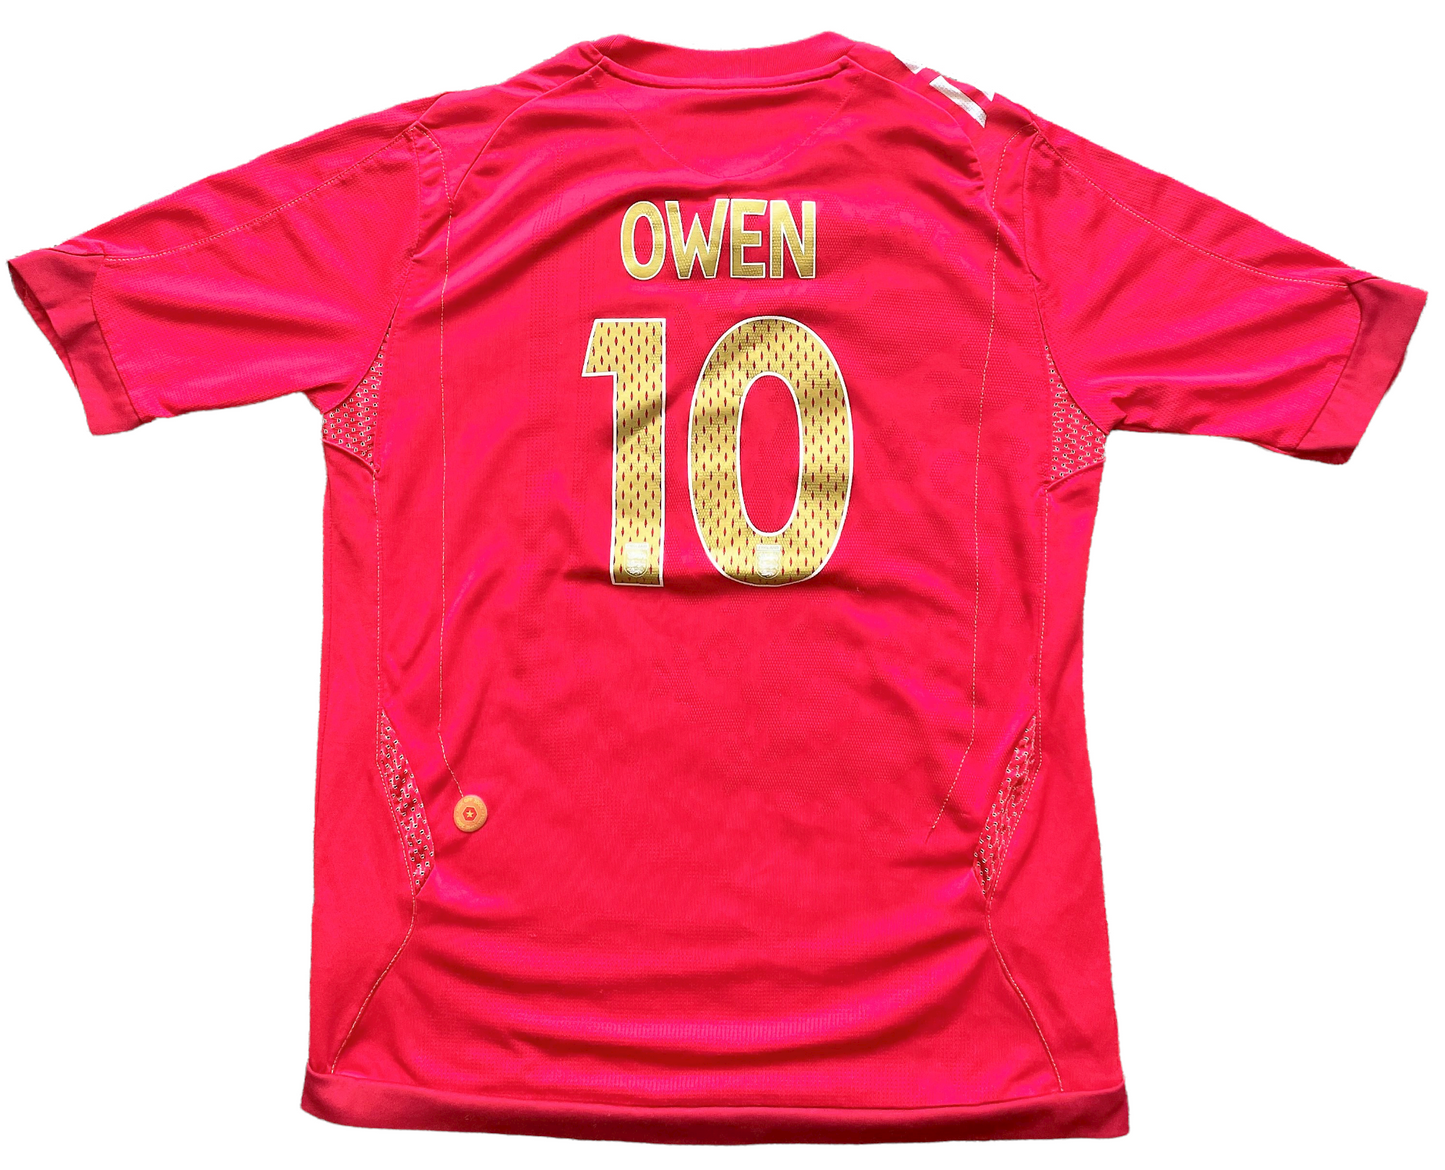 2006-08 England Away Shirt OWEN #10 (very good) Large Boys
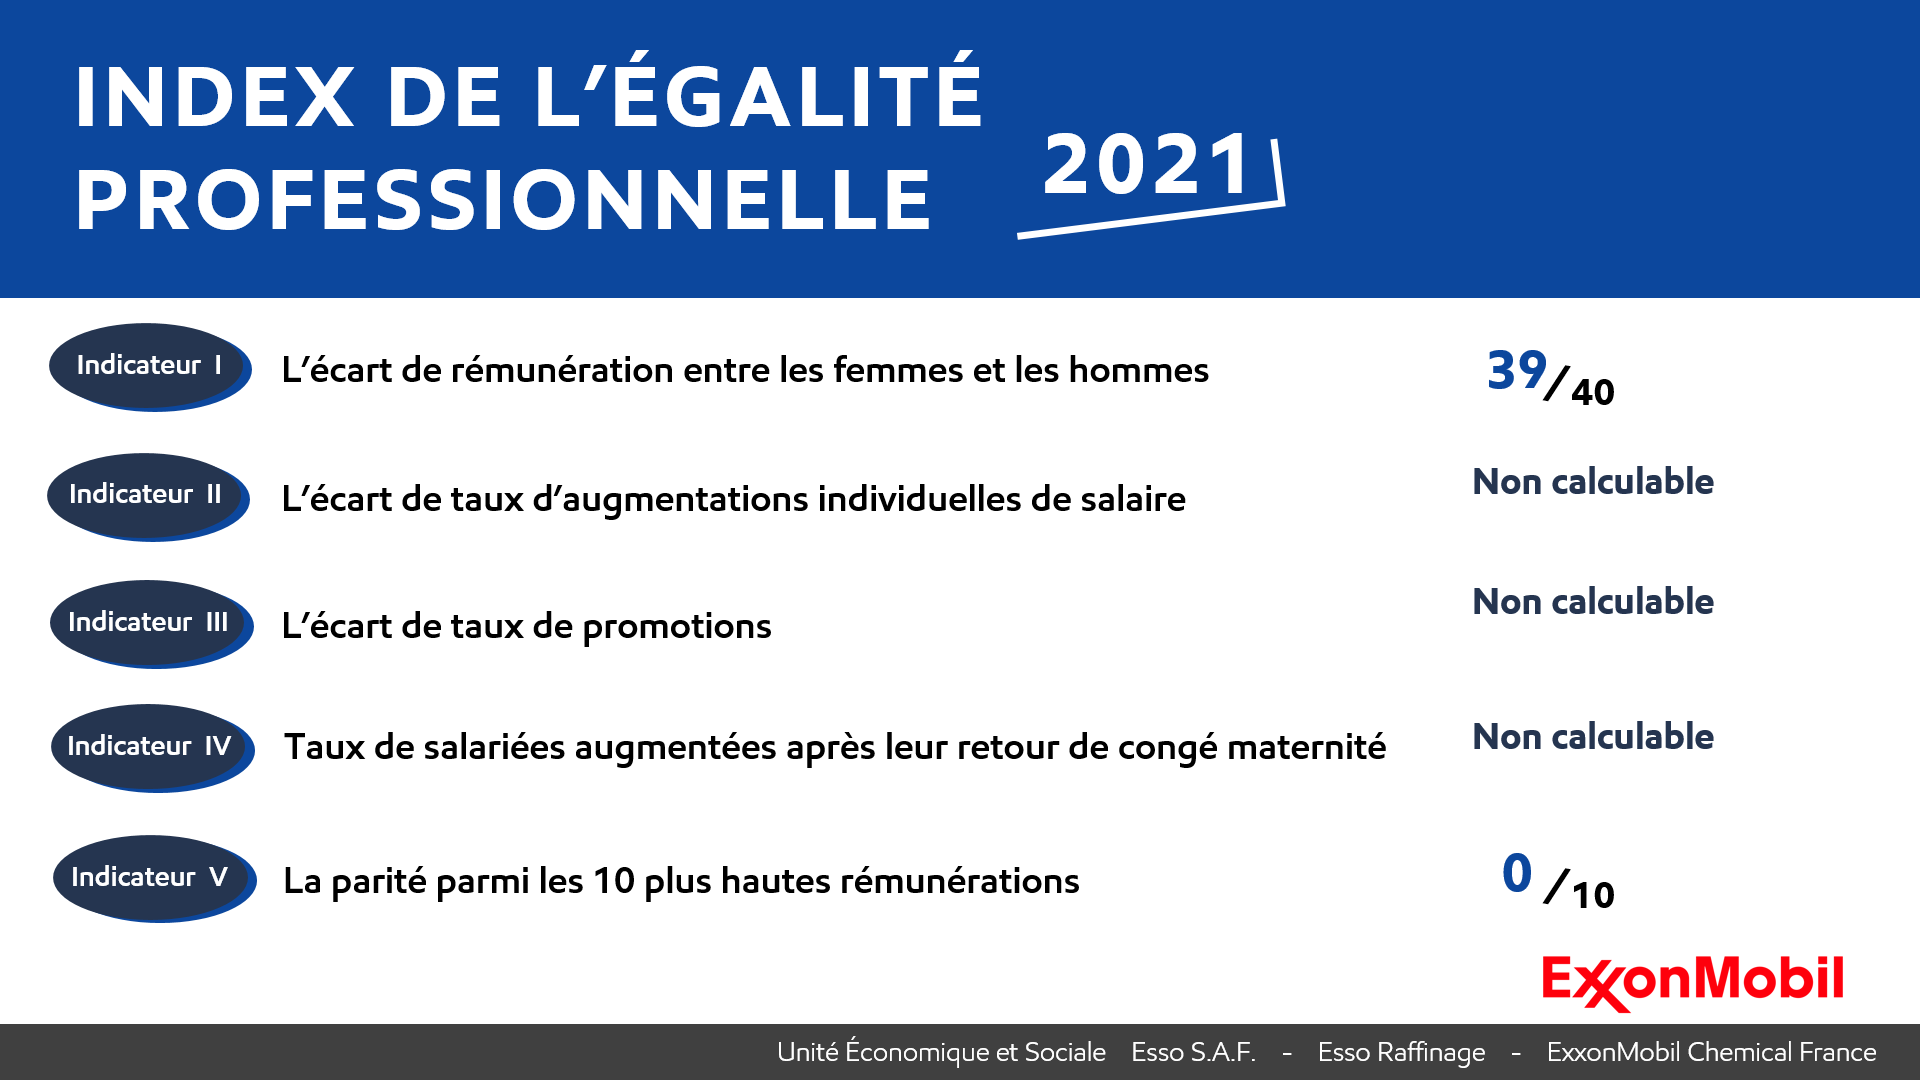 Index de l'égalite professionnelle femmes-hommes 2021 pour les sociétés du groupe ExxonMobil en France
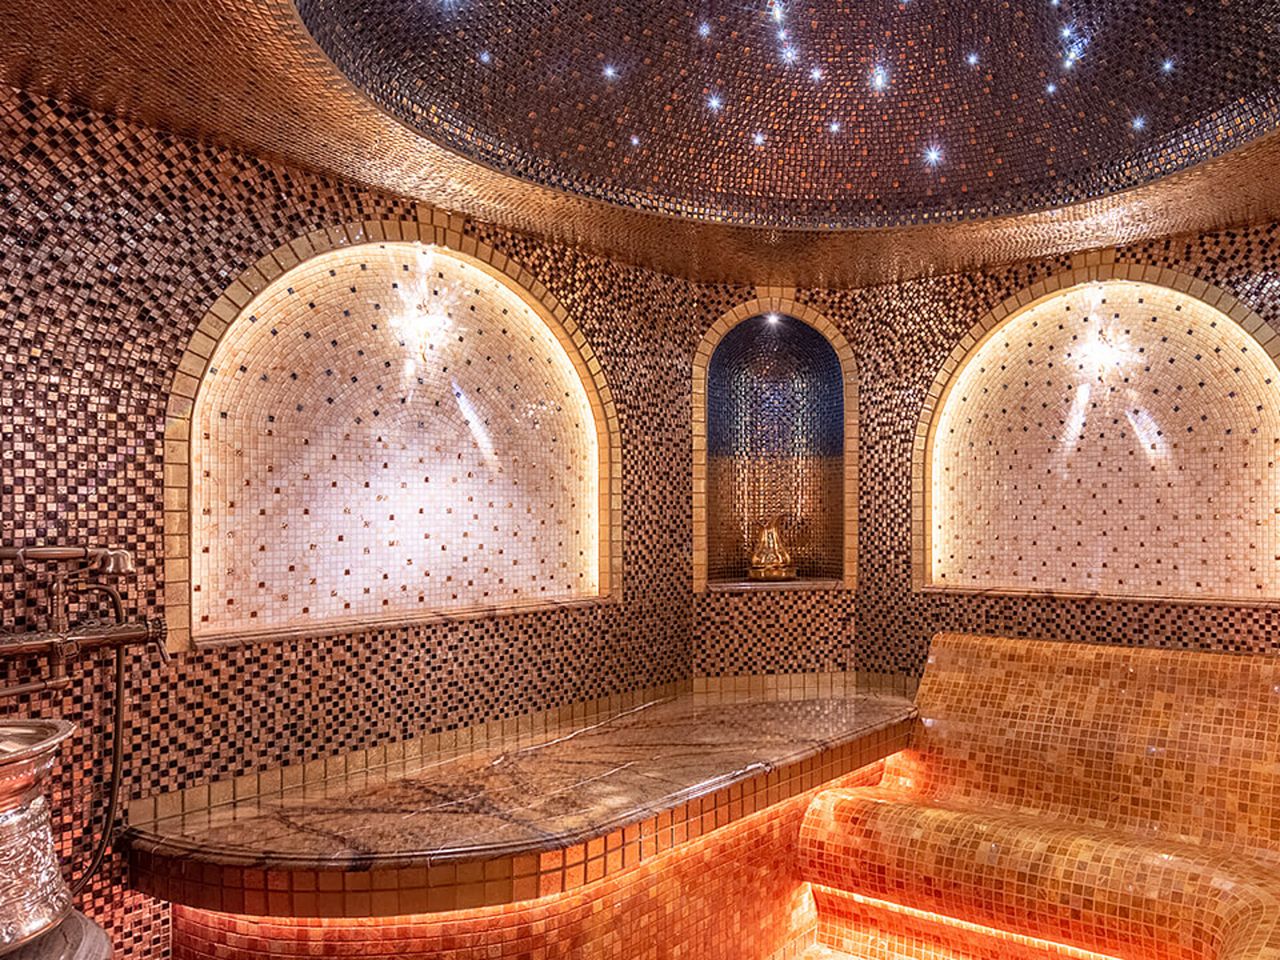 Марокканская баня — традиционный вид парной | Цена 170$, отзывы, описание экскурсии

THE TASK — Please print all the data above word for word. Pictures should not appear in the copy.

SOLUTION TO THE PROBLEM —
 2006-08 England Away Shirt OWEN #10 (very good) Large Boys
 Index de l'égalite professionnelle femmes-hommes 2021 pour les sociétés du groupe ExxonMobil en France
 Марокканская баня — традиционный вид парной | Цена 170$, отзывы, описание экскурсии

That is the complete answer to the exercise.